*Directions:*
The entries below contain pictures. Write out only the lines from the line with "NGC Award Opportunities" up to and including the line with "Kompatibel med fantastisk", exactly, without them.

*Material provided:*
*-*-*

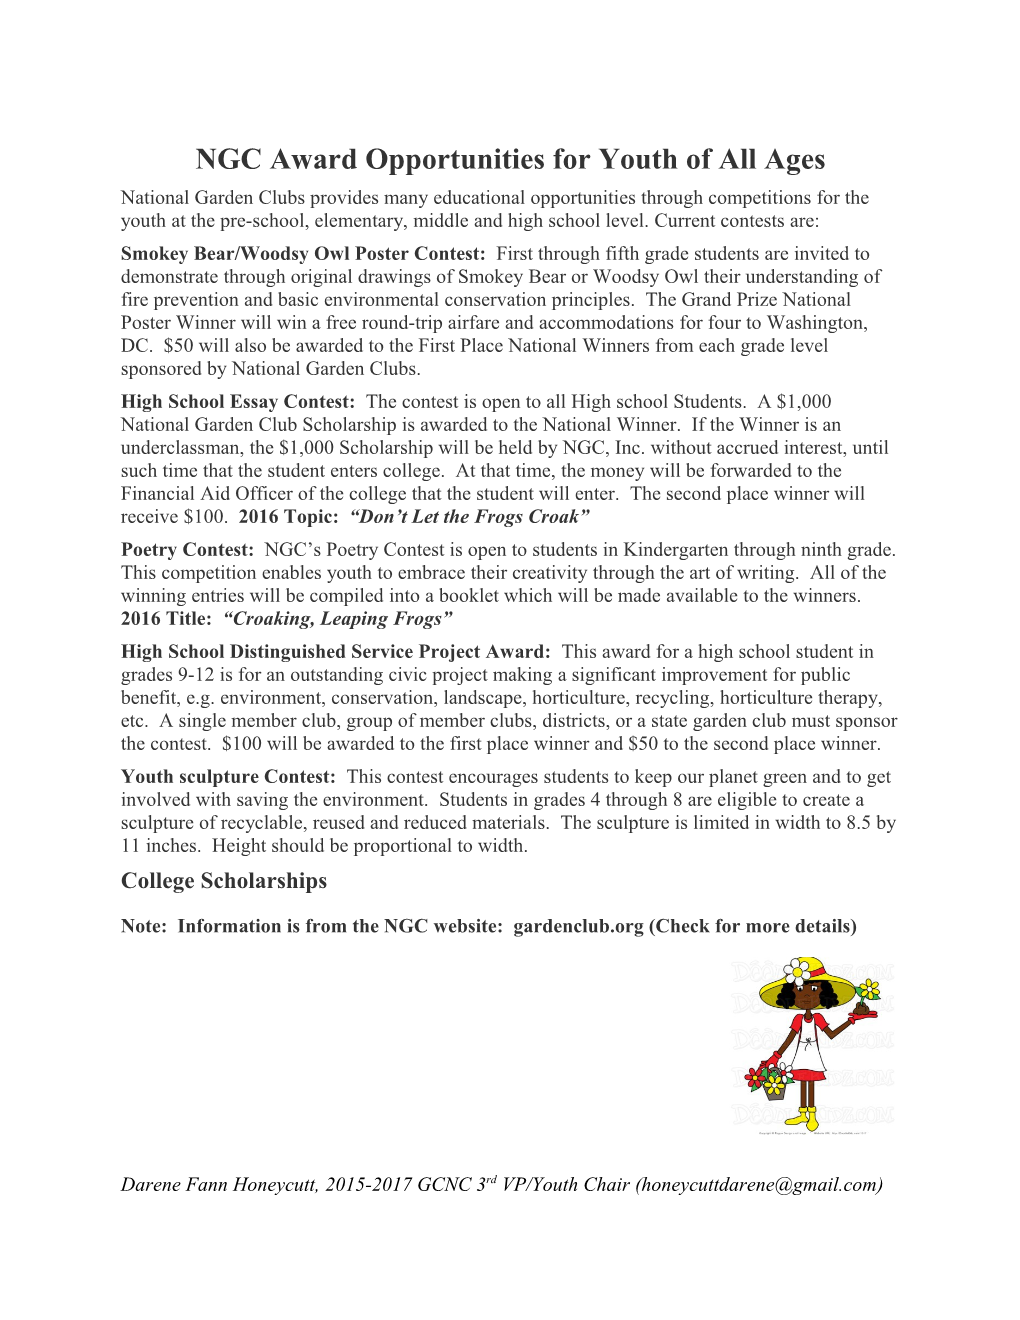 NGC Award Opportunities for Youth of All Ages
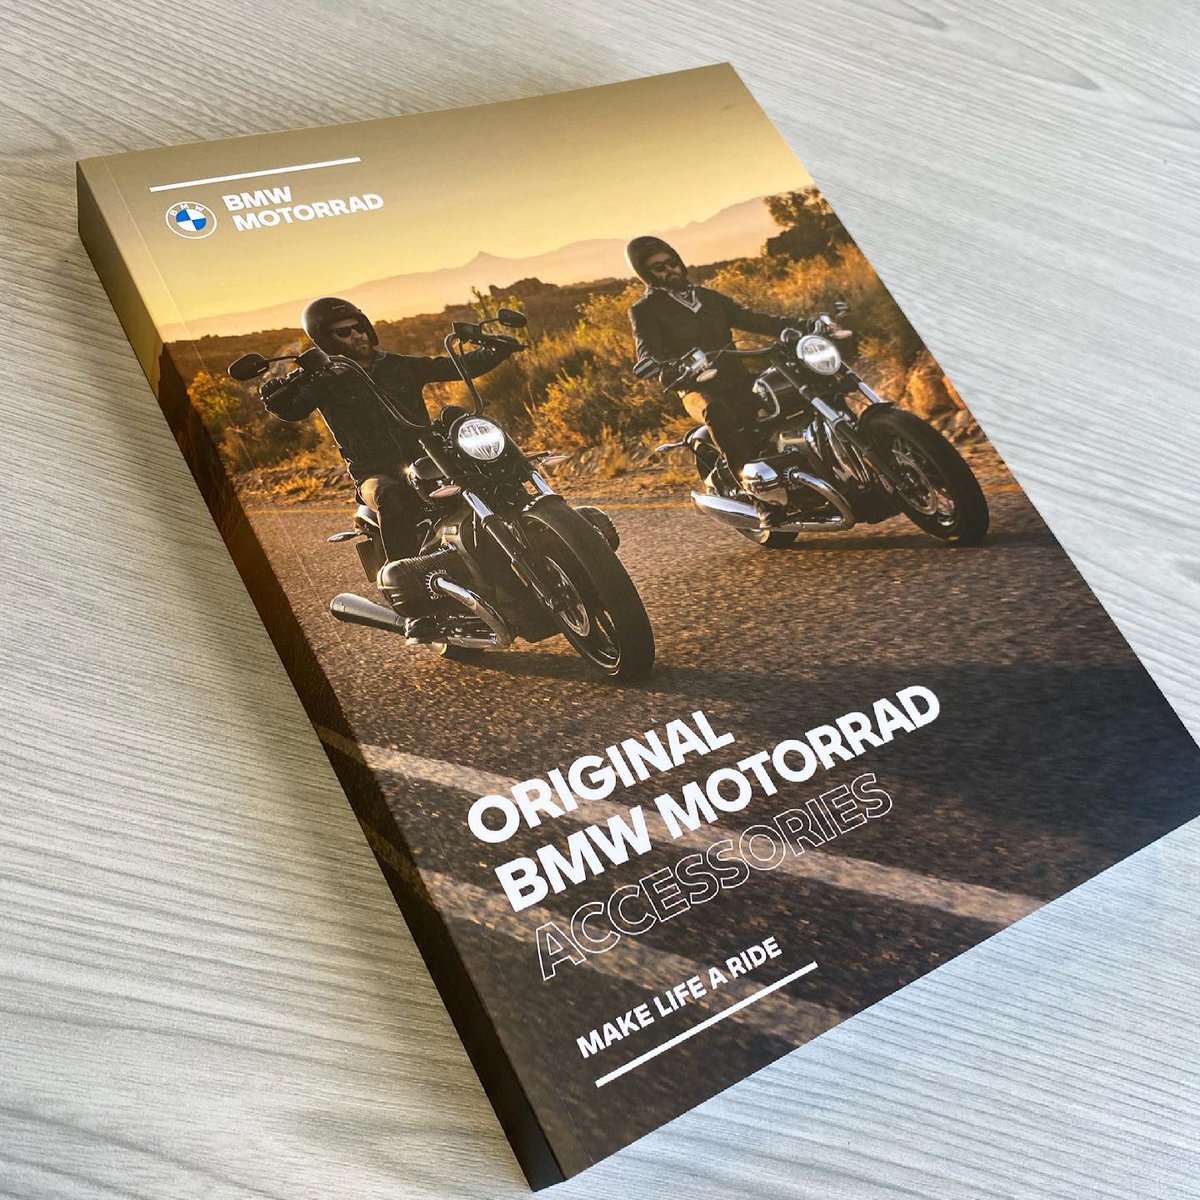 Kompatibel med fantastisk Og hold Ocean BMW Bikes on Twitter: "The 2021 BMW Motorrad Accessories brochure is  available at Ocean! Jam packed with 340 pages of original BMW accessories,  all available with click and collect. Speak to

*-*-*

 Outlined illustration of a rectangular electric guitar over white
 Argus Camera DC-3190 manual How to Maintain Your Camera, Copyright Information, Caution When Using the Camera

*-*-*

*Reply to the task:*
 NGC Award Opportunities for Youth of All Ages
 Kompatibel med fantastisk Og hold Ocean BMW Bikes on Twitter: "The 2021 BMW Motorrad Accessories brochure is  available at Ocean! Jam packed with 340 pages of original BMW accessories,  all available with click and collect. Speak to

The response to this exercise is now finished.